*Action item*. Give every line of the material back exactly, images removed.

*Data extract*.
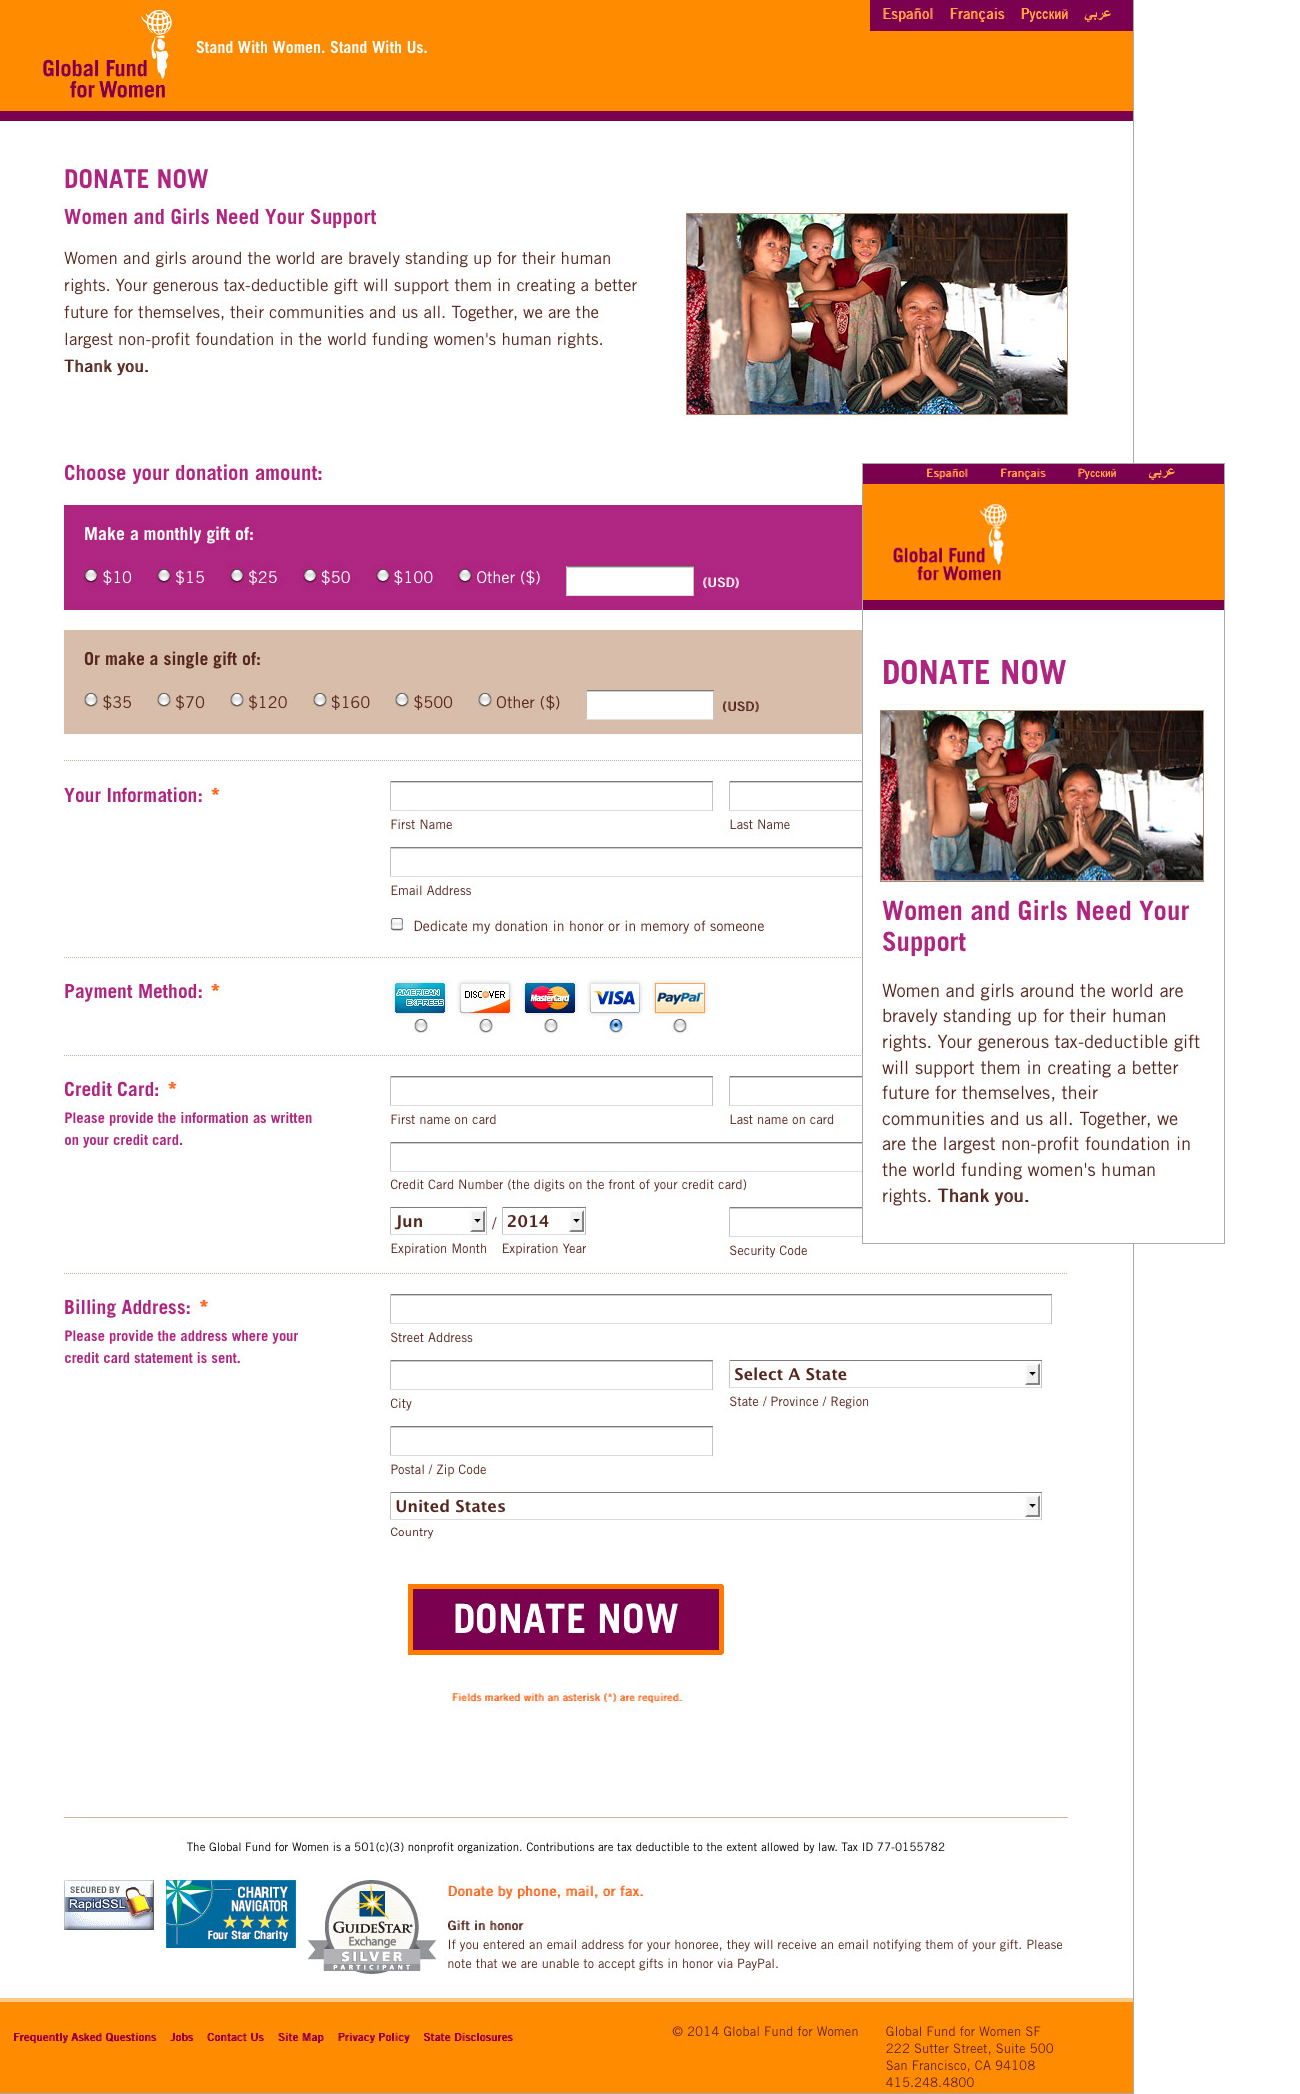 an online donate form featuring single and recurring gifts as well as both credit card and PayPal payment options
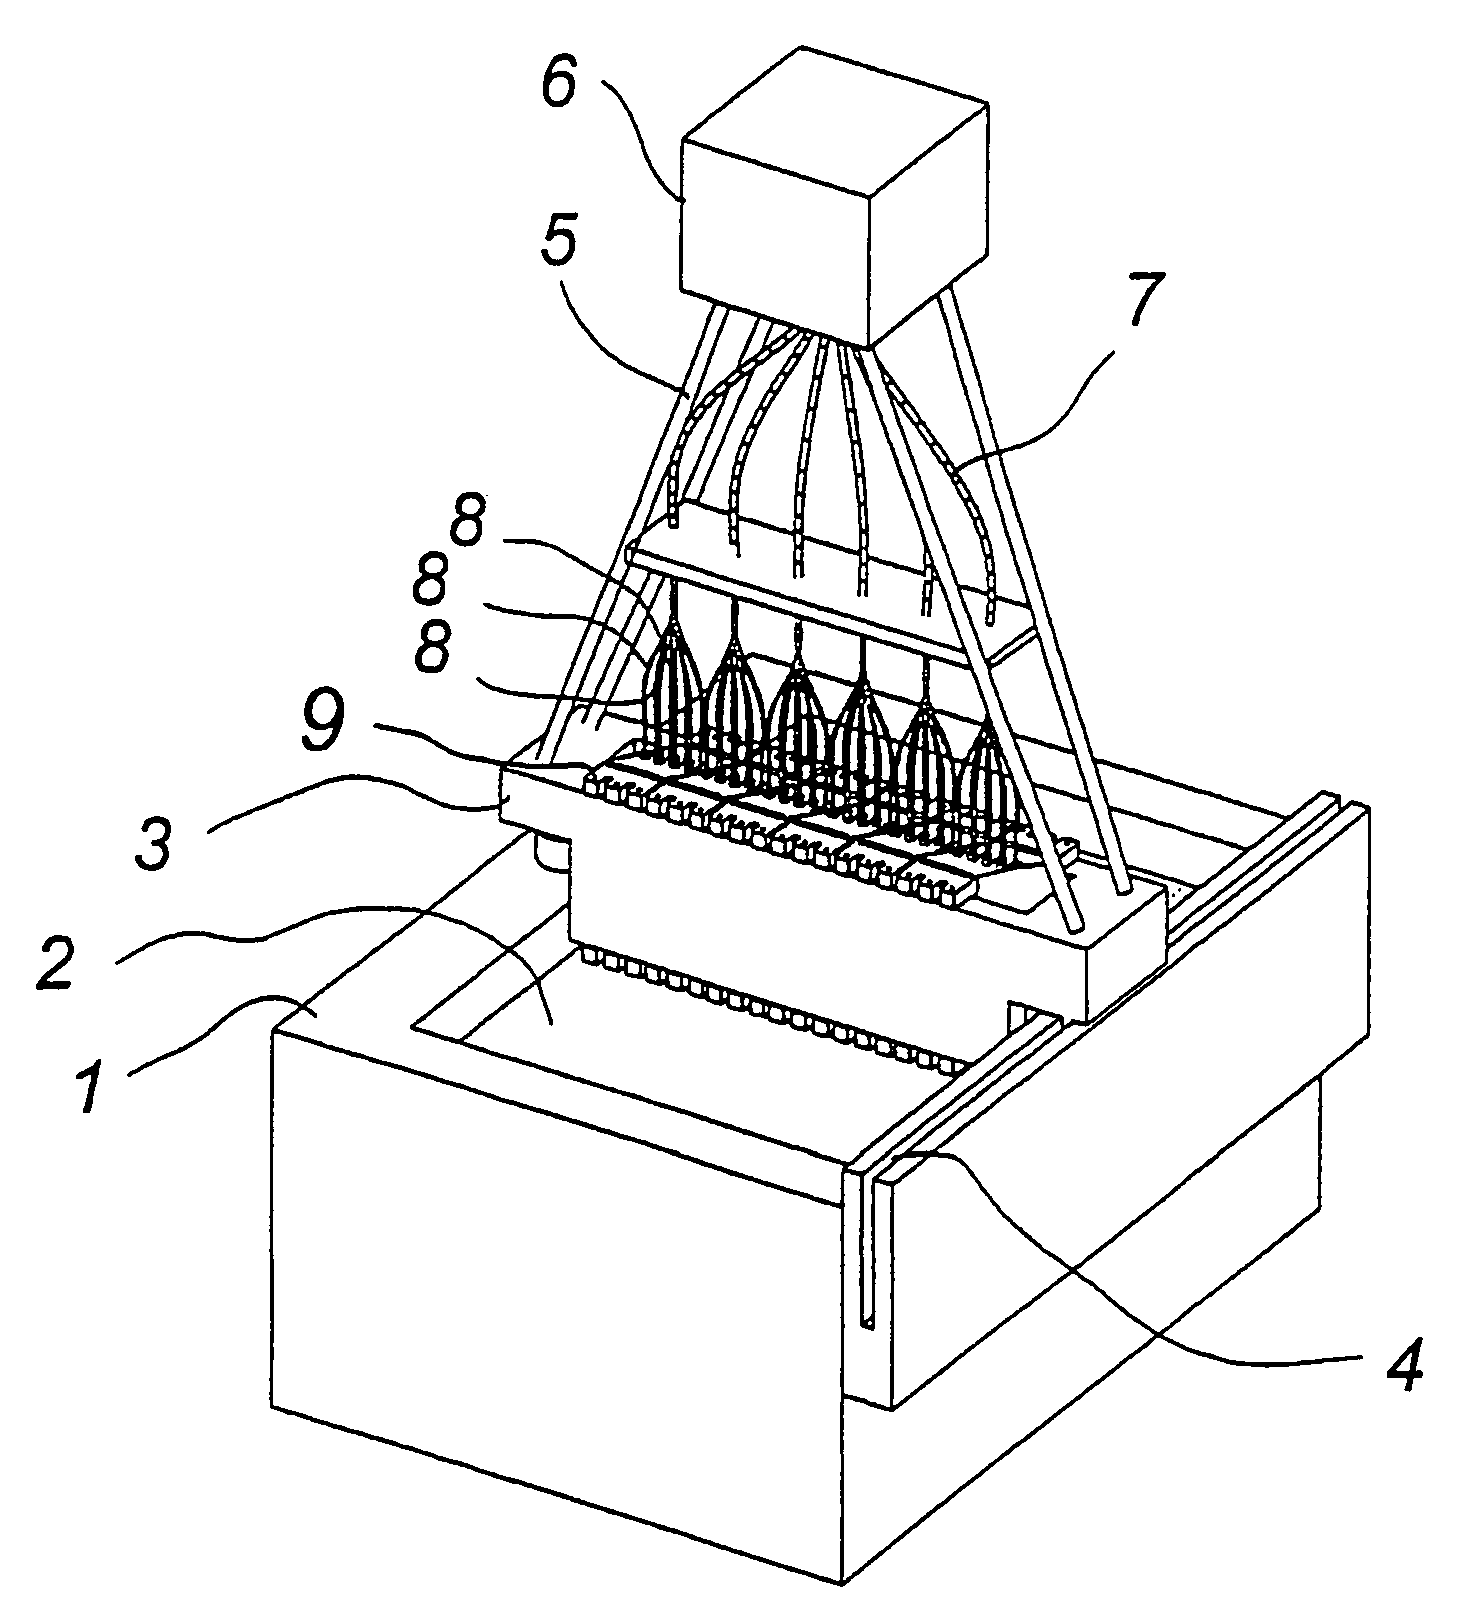 Rapid prototyping apparatus and method of rapid prototyping
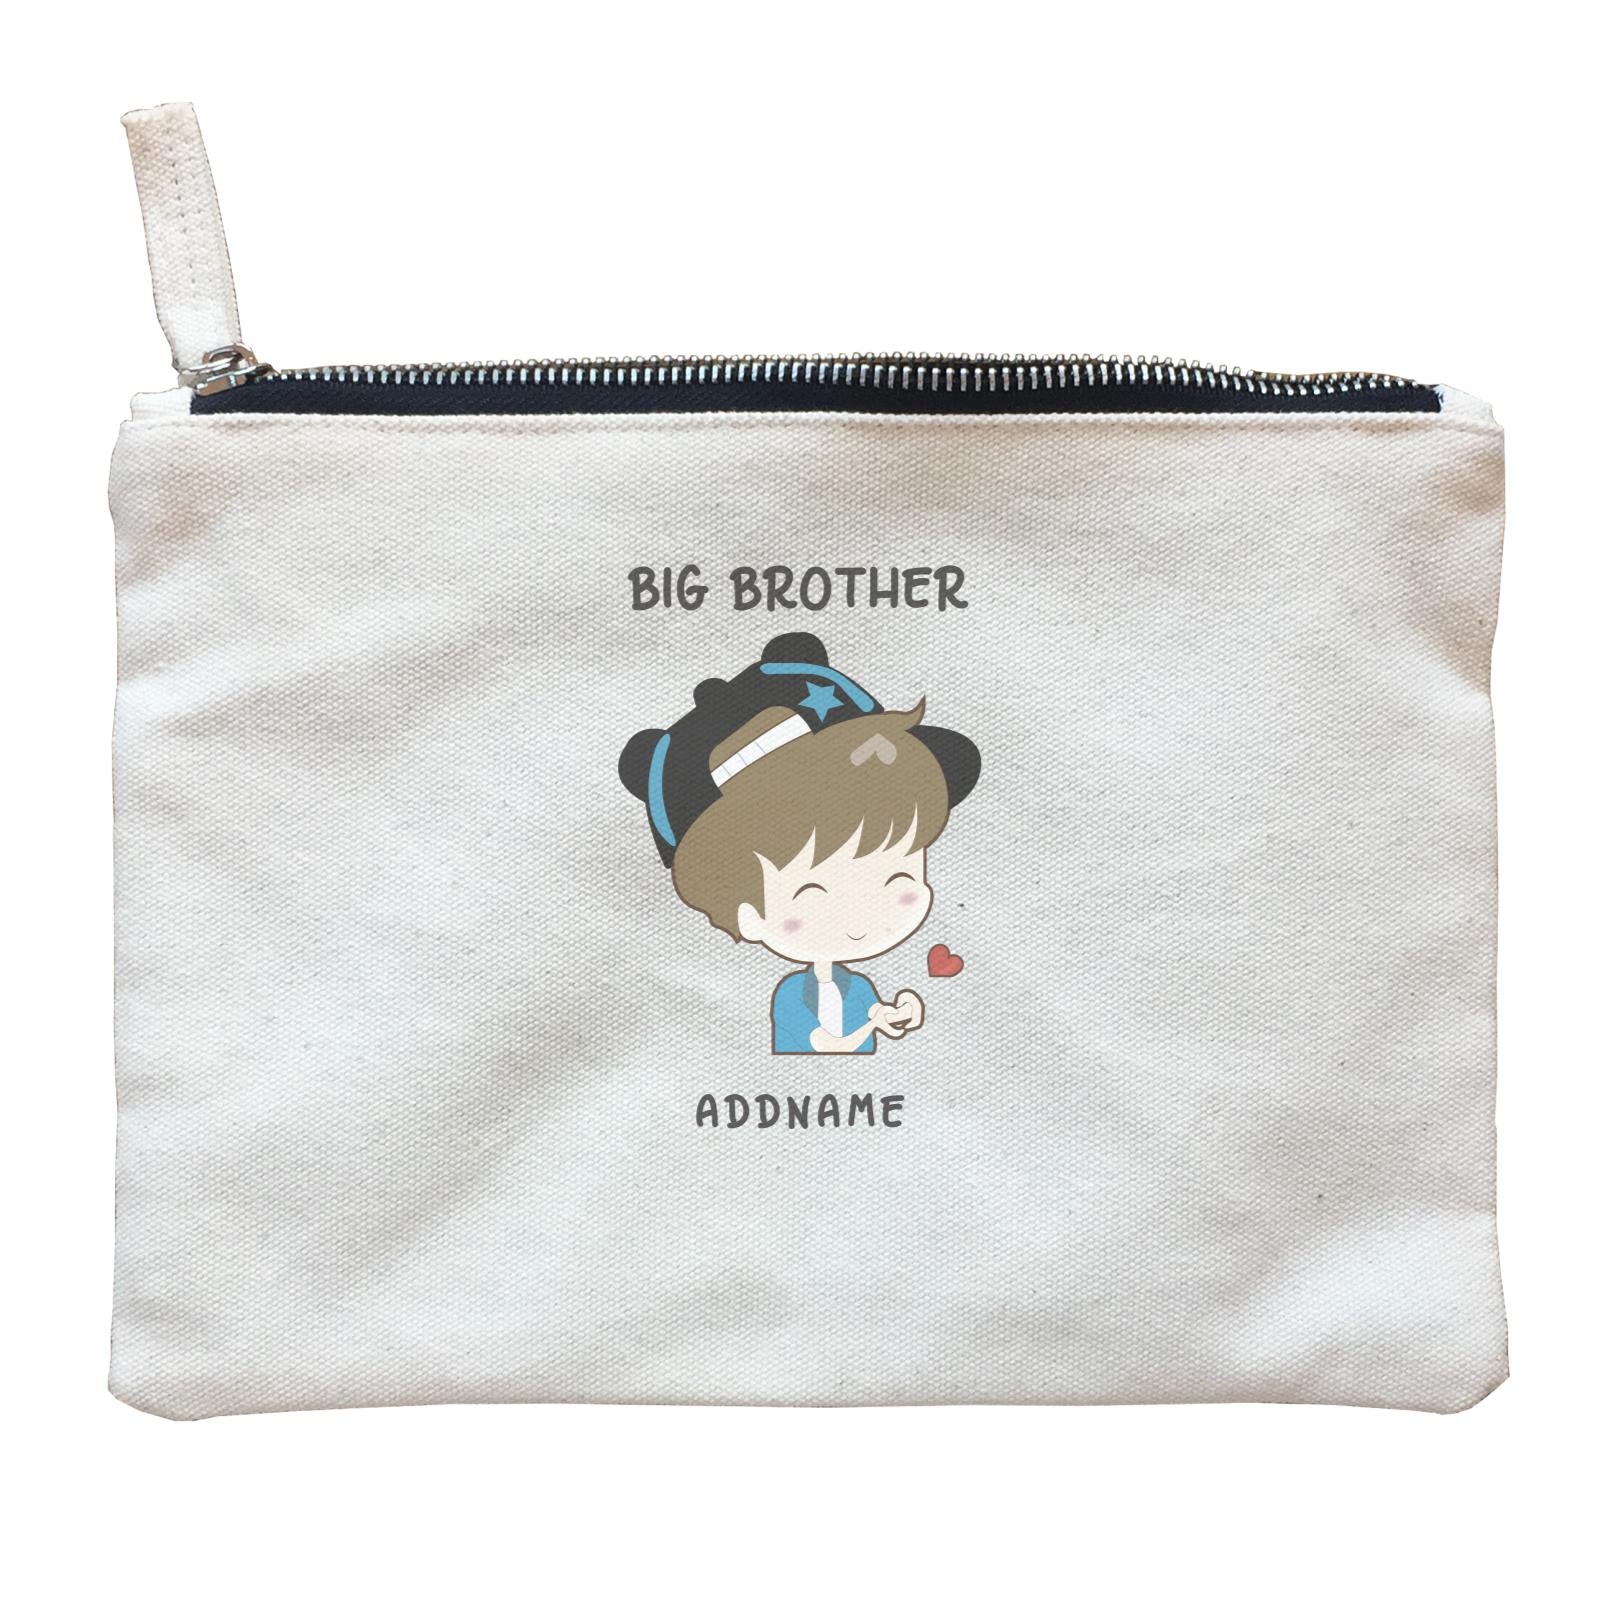 My Lovely Family Series Big Brotther Addname Zipper Pouch

*Result*.
 an online donate form featuring single and recurring gifts as well as both credit card and PayPal payment options
 Rapid prototyping apparatus and method of rapid prototyping
 My Lovely Family Series Big Brotther Addname Zipper Pouch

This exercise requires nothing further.